When I knew that I was going to have a double mastectomy and no reconstruction, I went looking for style ideas. I anticipated that my body was going to change pretty dramatically, and I was wondering if my style might need to change a bit, too. My “go to” outfit had been a solid color fit and flare dress, usually with a jacket or cardigan (on an 8-shaped body). I wondered if I would look more of an H-shape after surgery, and in fact I do. (Note – I strongly advocate that you wear whatever you want to! These are just my thoughts. : )
I searched the web (as one does these days!) for style inspiration. One of the common suggestions is to “look for gentle draping, soft ruffles, asymmetrical designs or patterns” on tops or dresses. I was hooked by the idea of pattern on a dress bodice.
I’m a long-time sashiko fan. In part, I am drawn to Japanese design with it’s balance of simplicity and complexity. One of the ideas that has intrigued me for a long time is the pattern that morphs or is incomplete, such as the images above. What has stopped me until now? The books typically have a small sample of the pattern and you have to use graph paper and enlarge the image.
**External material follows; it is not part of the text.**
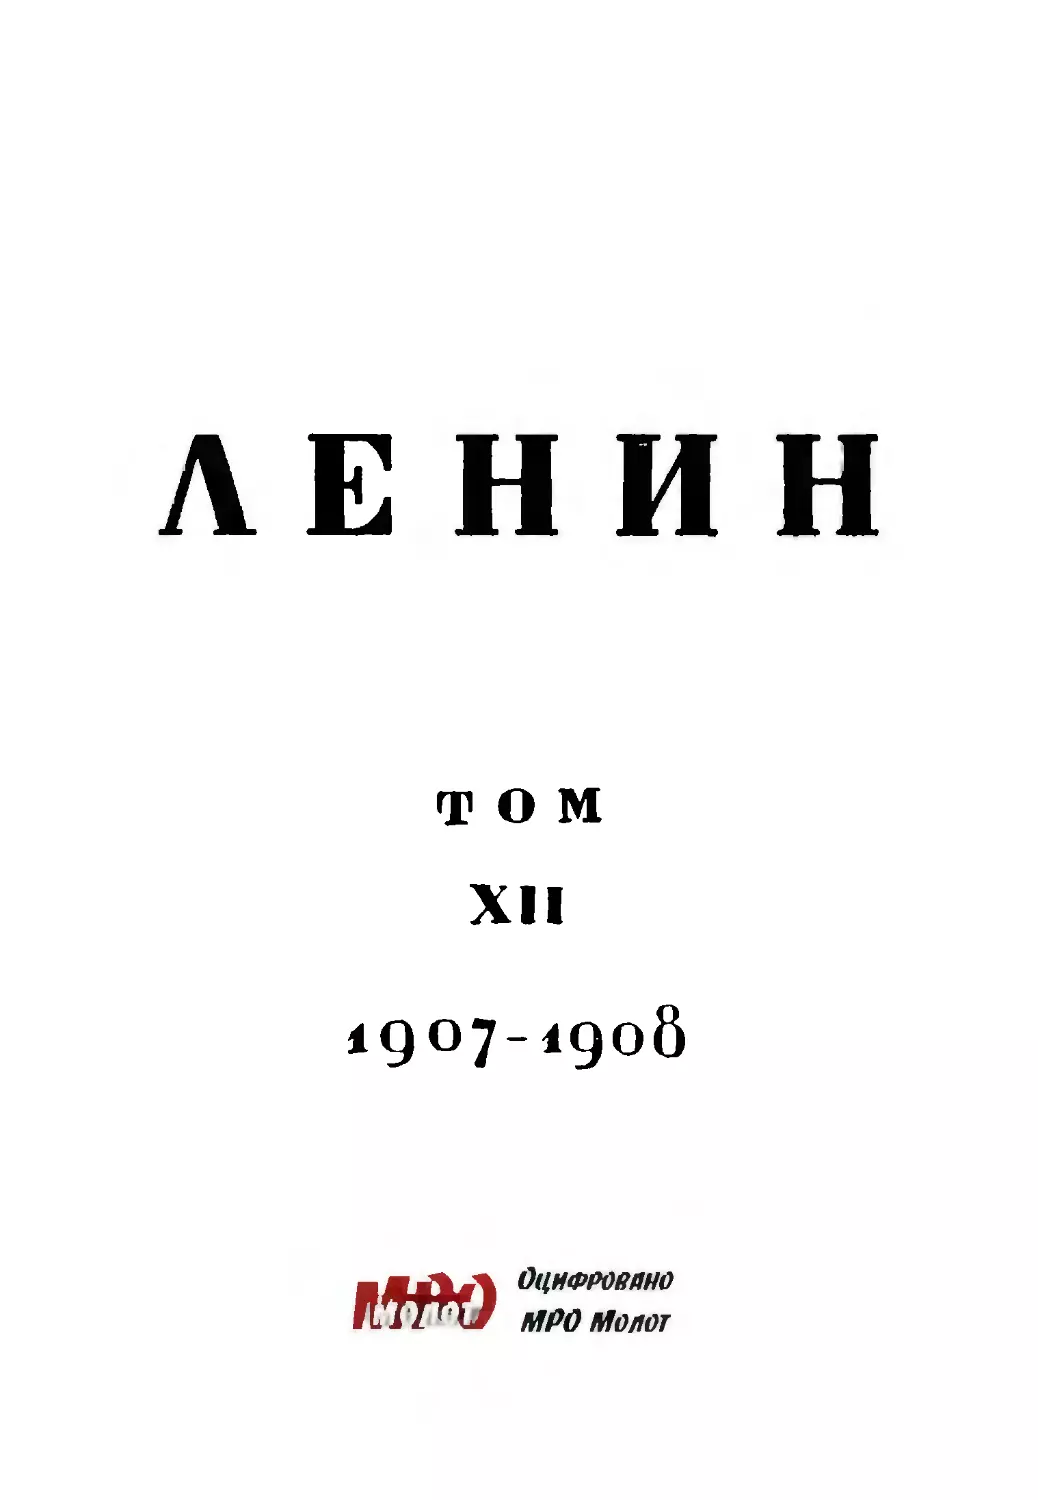 Тит.лист тома

However, I found a site that is offering free printable patterns! (Thespruce.com sheet one and sheet two.) That made my plan seem attainable.
Additionally, I pinned this page with a variety of tutorials at some point; it was also niggling the back of my mind.
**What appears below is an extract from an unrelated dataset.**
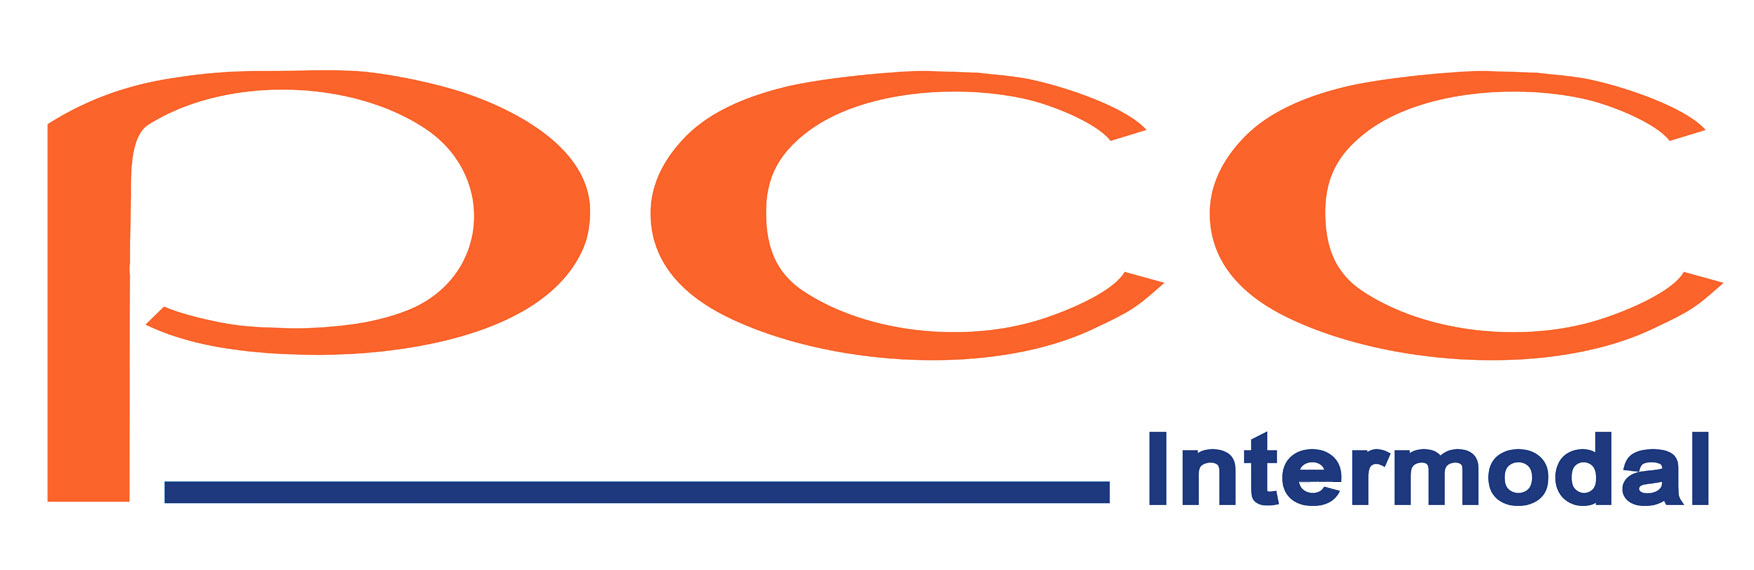 client's logo2

There are many methods for transferring the sashiko design on to fabric, and I used washaway stabilizer for my project. I’m outlining the steps here:
- washaway stabilizer such as what is used in machine embroidery
- sashiko thread and needles (mine were from Stonemountain and Daughter)
- pattern to trace
- pencil or Stabilo aquarellable “pencil”
Create a pattern
Download a pattern from thespruce.com (link above) and paste the image into MS Word. Size the image so that the circle is about 2″ across.
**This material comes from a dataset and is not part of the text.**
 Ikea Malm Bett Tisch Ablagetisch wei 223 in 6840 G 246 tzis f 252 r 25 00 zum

Determine the shape of my bodice front and back to understand where the stitching would be on the dress.
Put tracing paper over the pattern and drew intended design, using the inspiration of incomplete patterns as a guide. (I also eliminated the straight lines in my design.)
Transferred the pattern onto the stabilizer, using the Stabilo pencil. (A regular pencil didn’t work so well.)
Stitching onto my dress
Cut out my dress and basted the sashiko pattern onto the bodice.
Used directions from Sarah as best I could to follow the rules for sashiko stitching. It was a challenge since I was stitching onto knit fabric and I chose a curved design for my first one!
Sneak peek at my back bodice
The design is tilted, but I decided to go for it. The front will be more like the traditional horizontal/vertical axis.